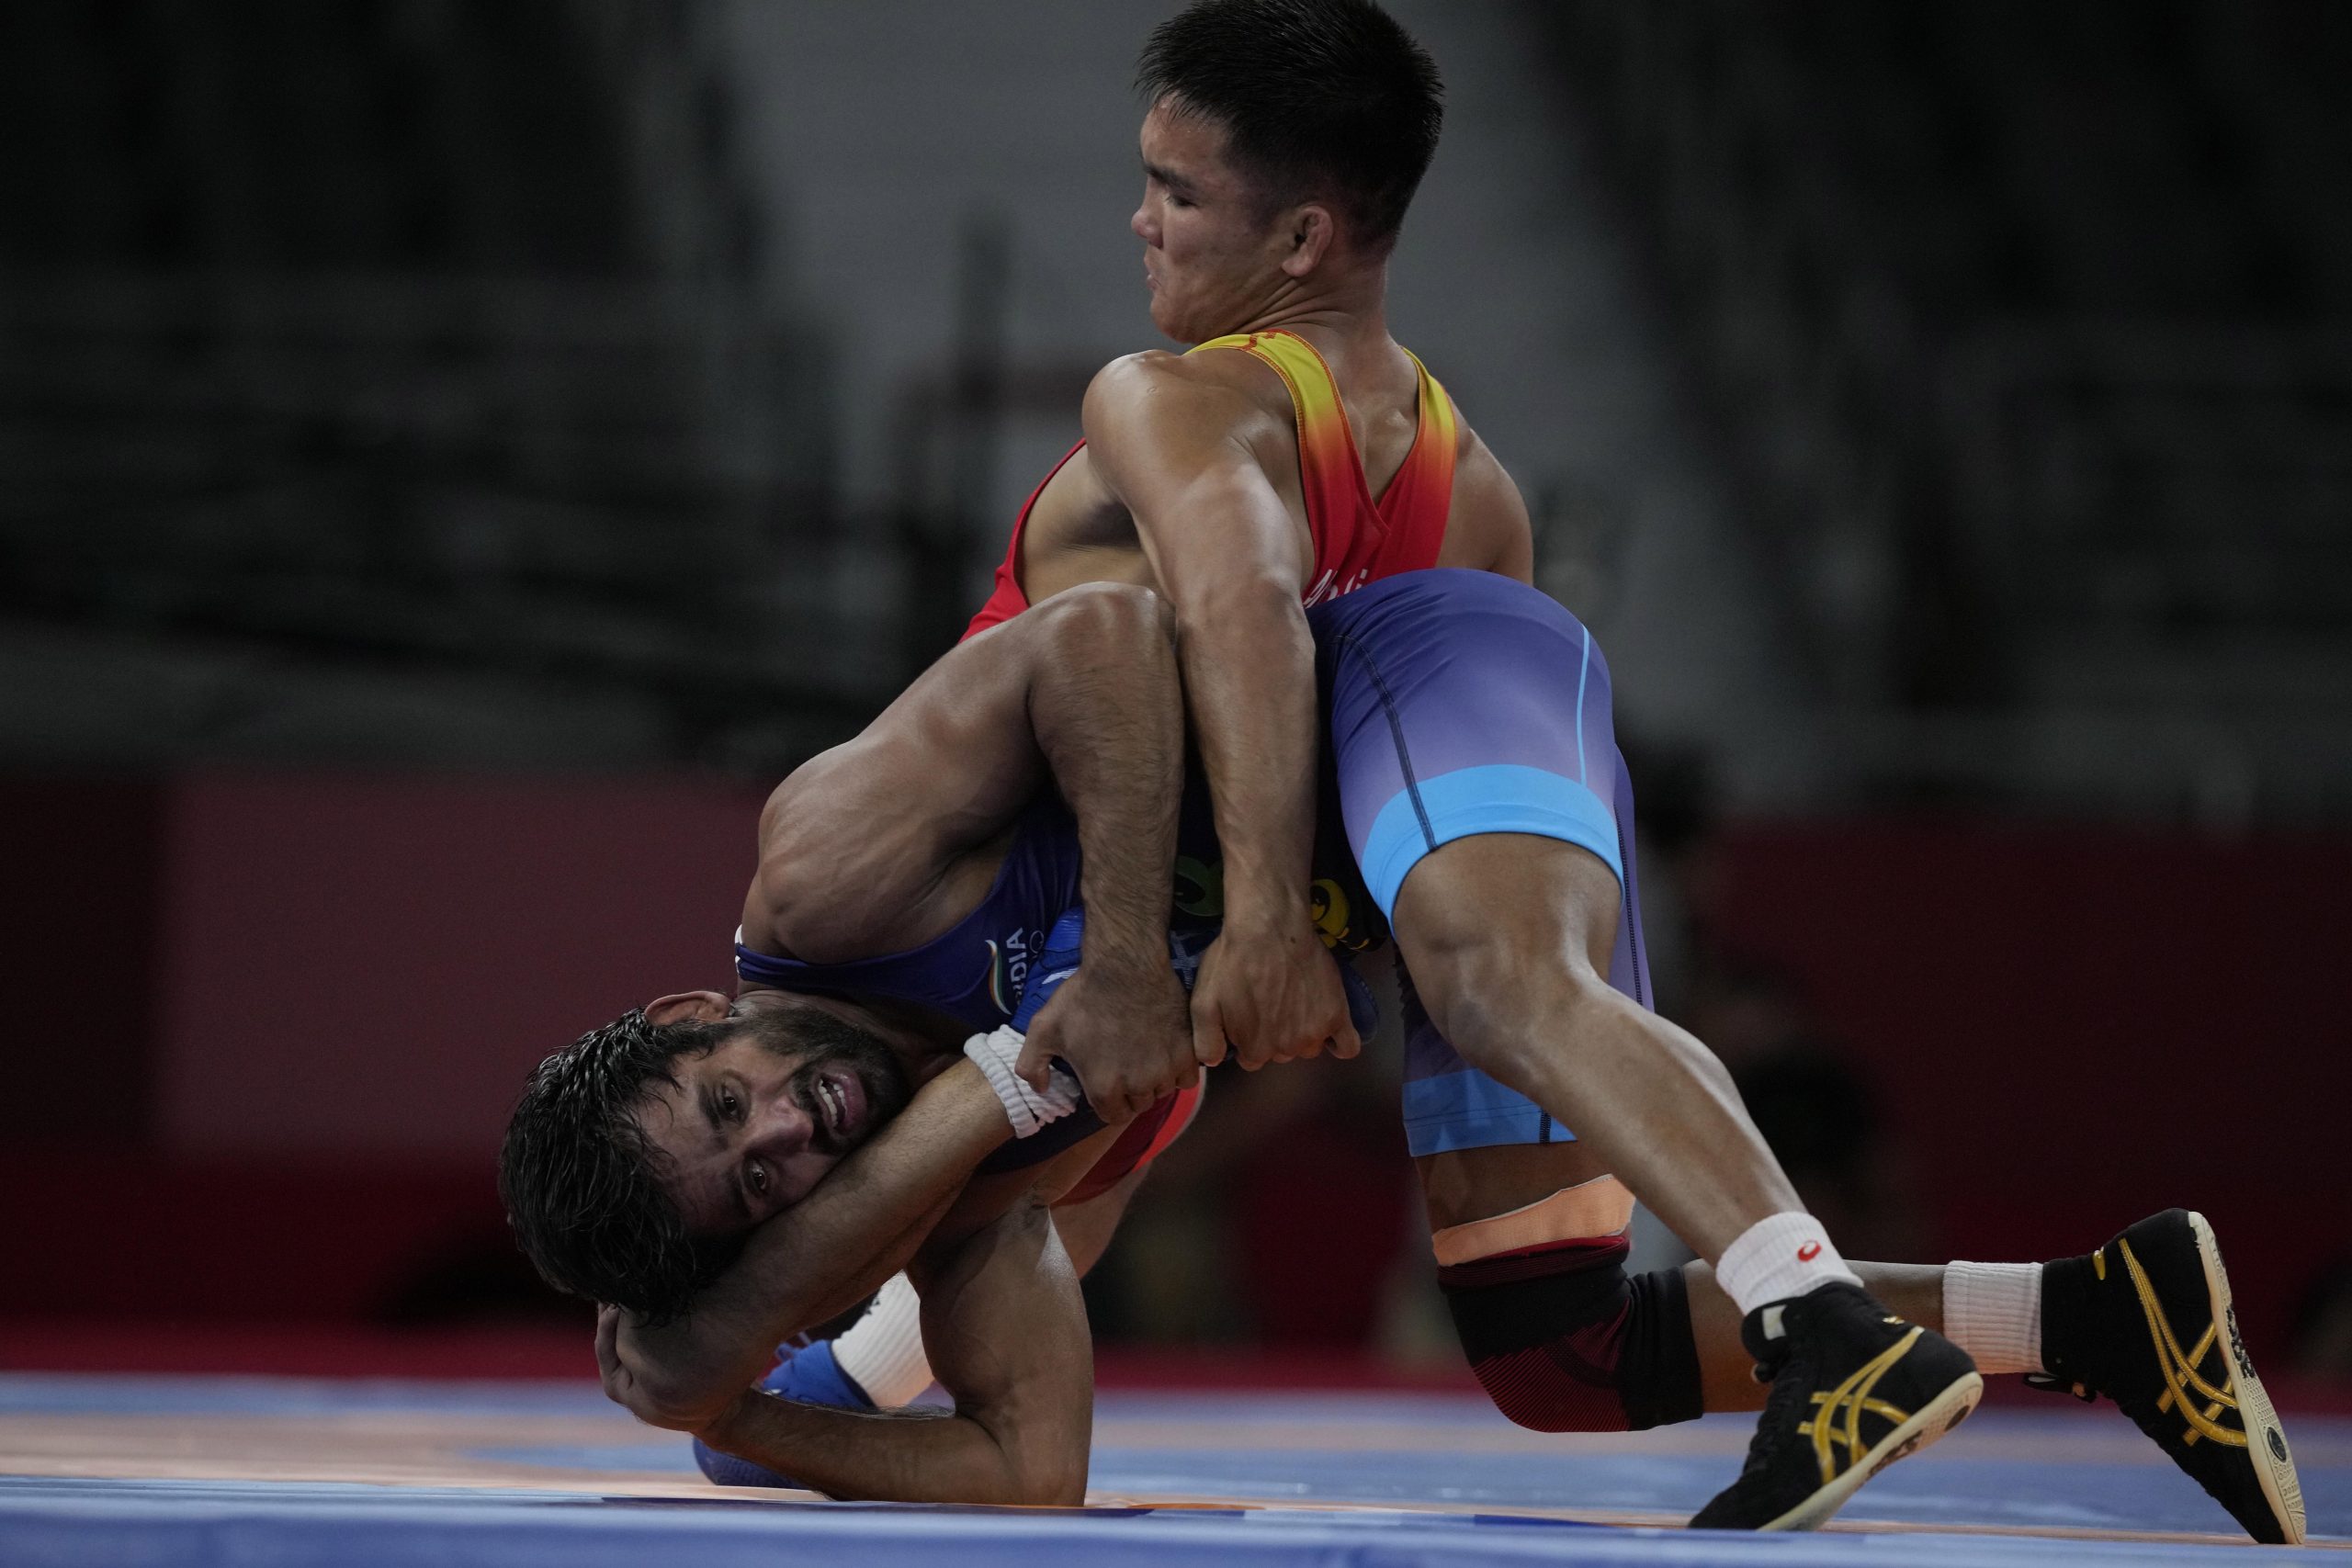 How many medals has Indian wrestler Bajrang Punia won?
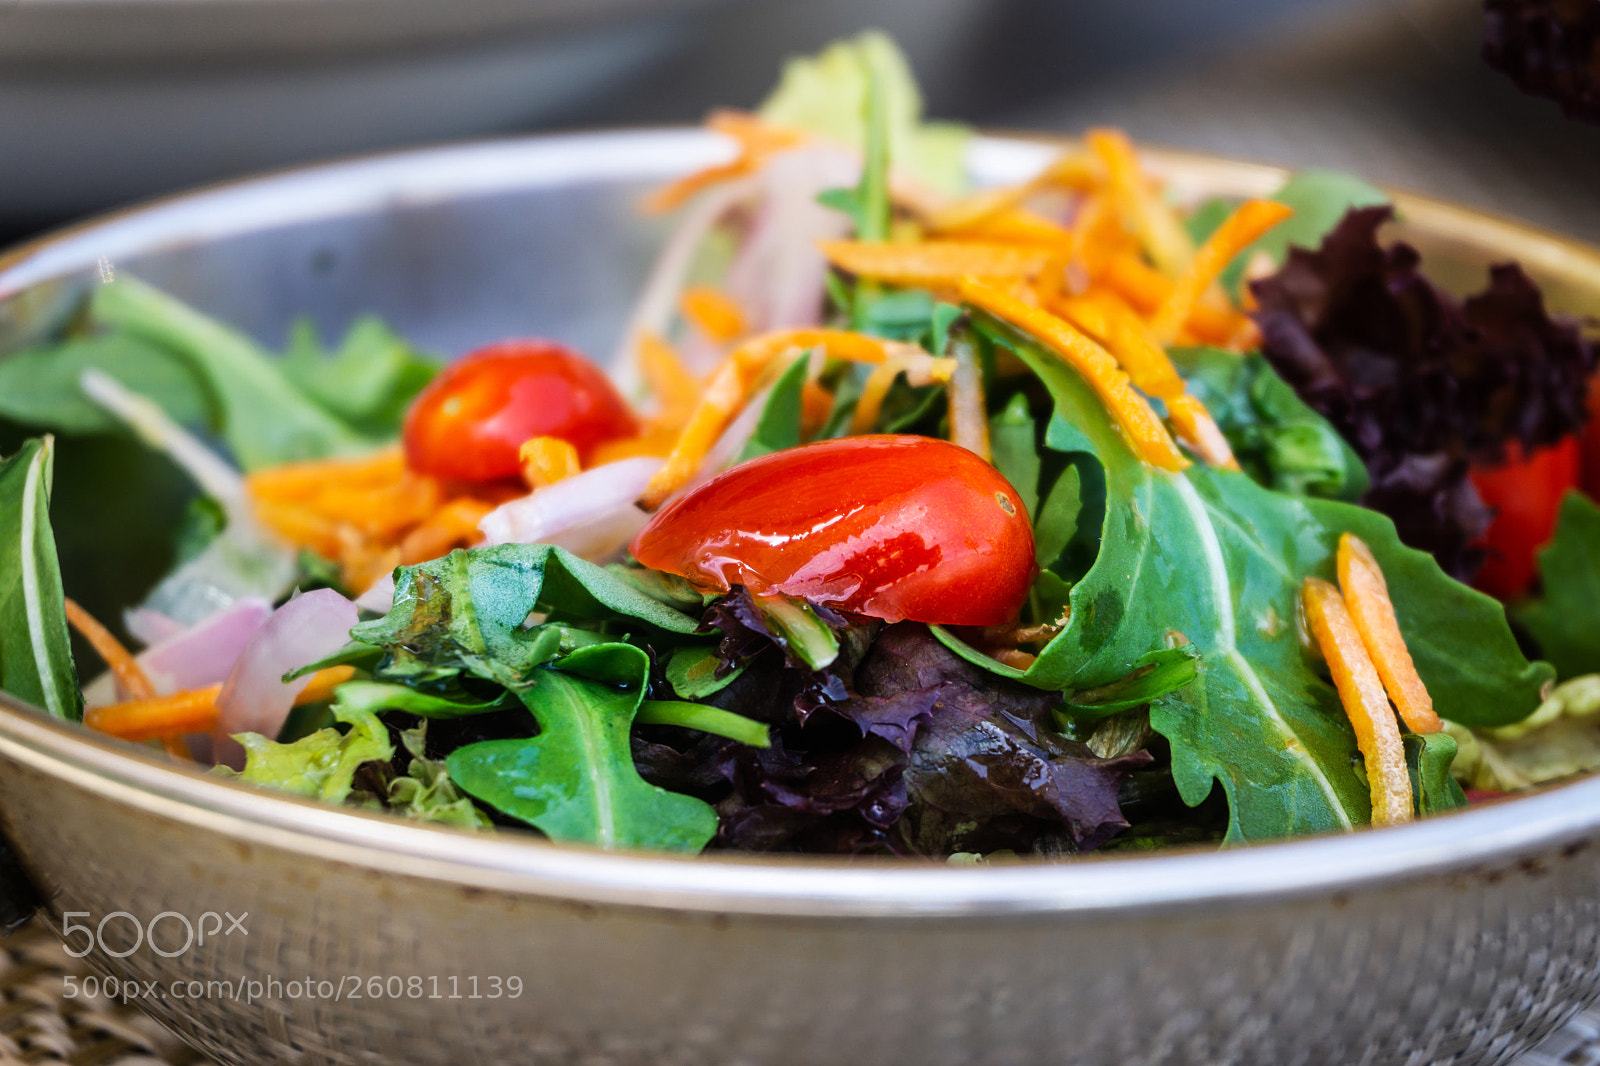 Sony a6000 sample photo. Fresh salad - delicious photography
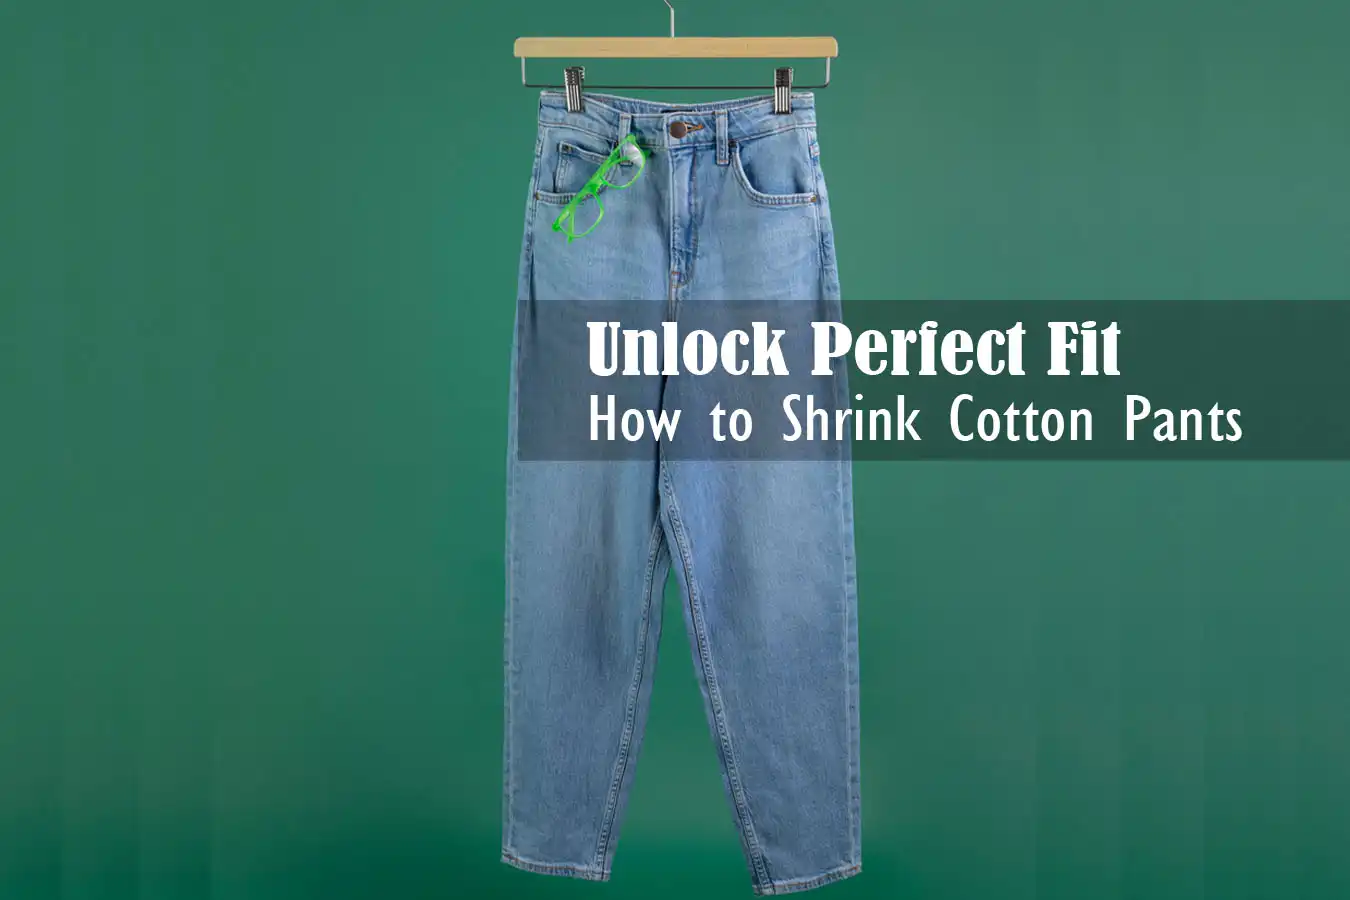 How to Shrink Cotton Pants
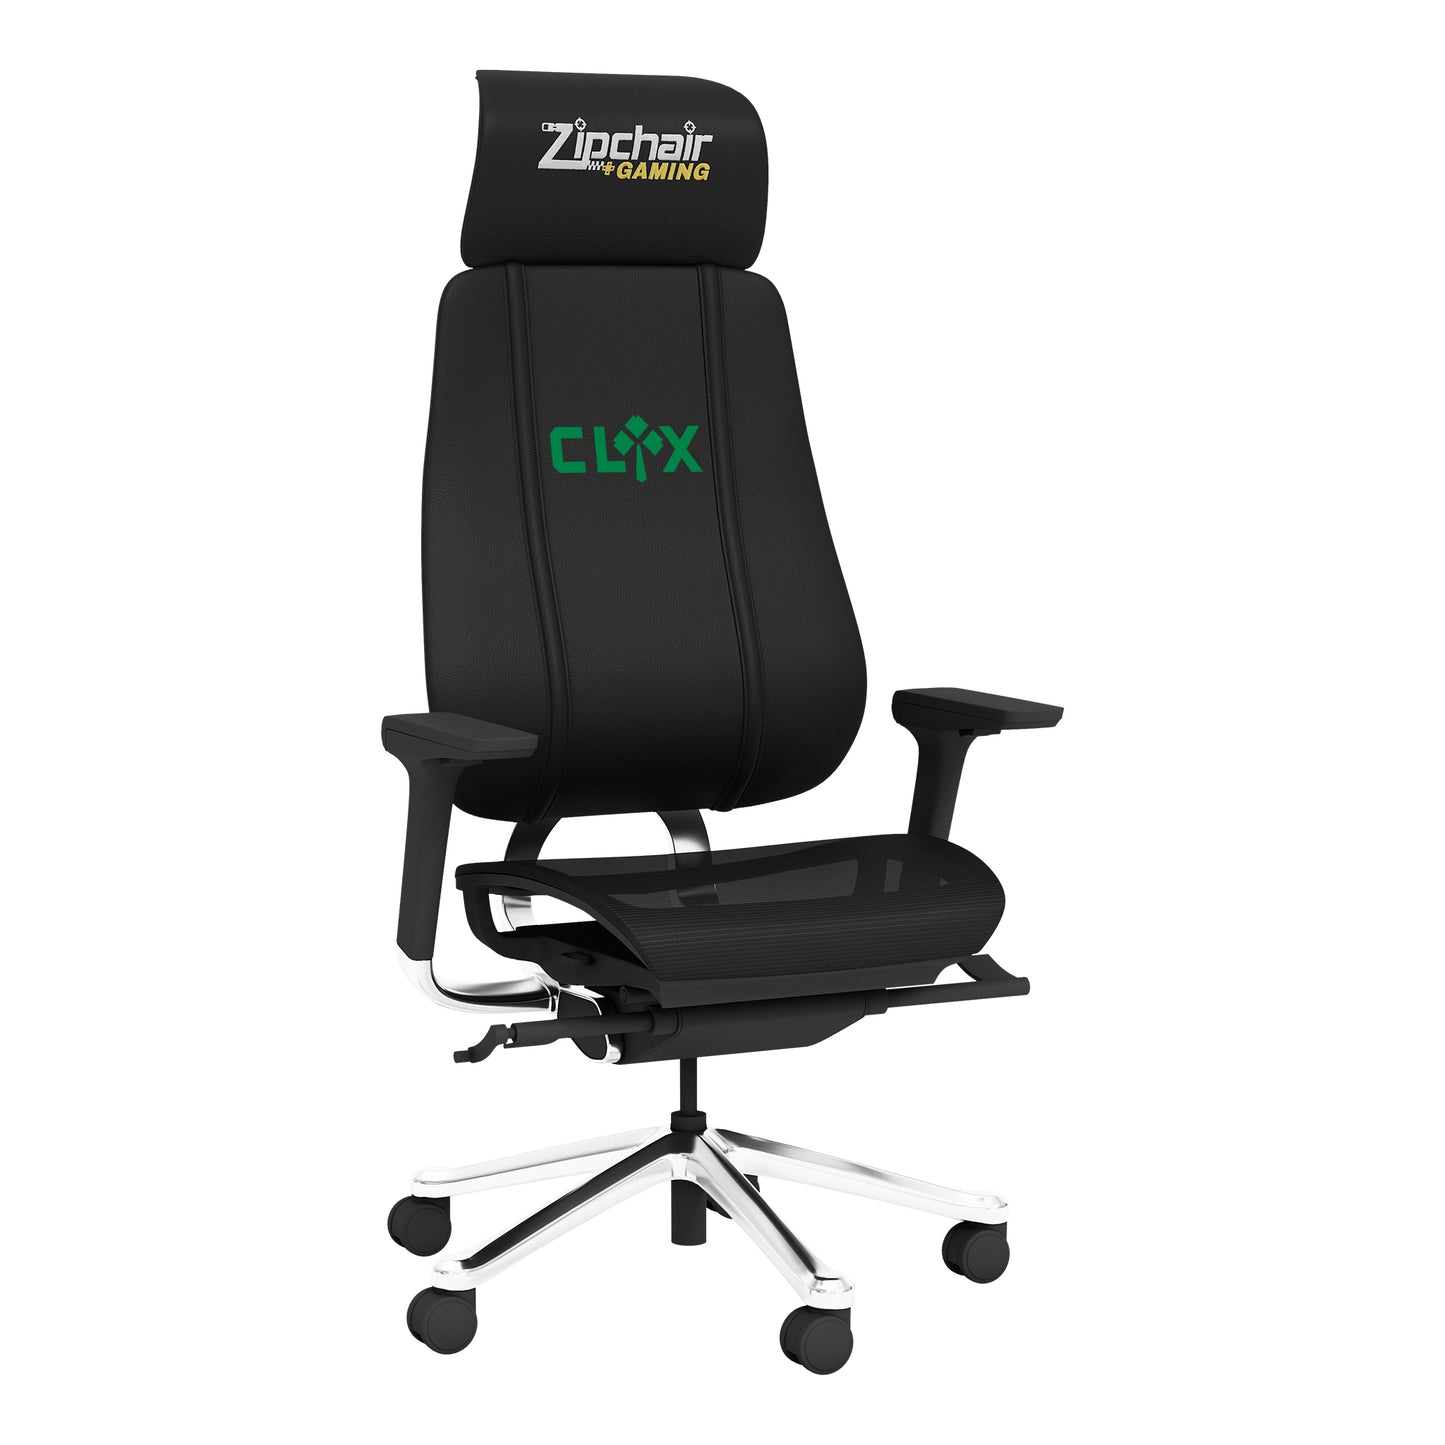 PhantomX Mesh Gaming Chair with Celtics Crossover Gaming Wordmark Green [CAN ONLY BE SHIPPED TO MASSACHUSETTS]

> **ABOUT THIS TASK**:
Could you transcribe exactly the lines from the one with "Sony a6000 sample" through the end of the data, both ends included, and nothing else, skipping the pictures?

> **REPLY TO THE TASK**:
 Sony a6000 sample photo. Fresh salad - delicious photography
 How to Shrink Cotton Pants
 PhantomX Mesh Gaming Chair with Celtics Crossover Gaming Wordmark Green [CAN ONLY BE SHIPPED TO MASSACHUSETTS]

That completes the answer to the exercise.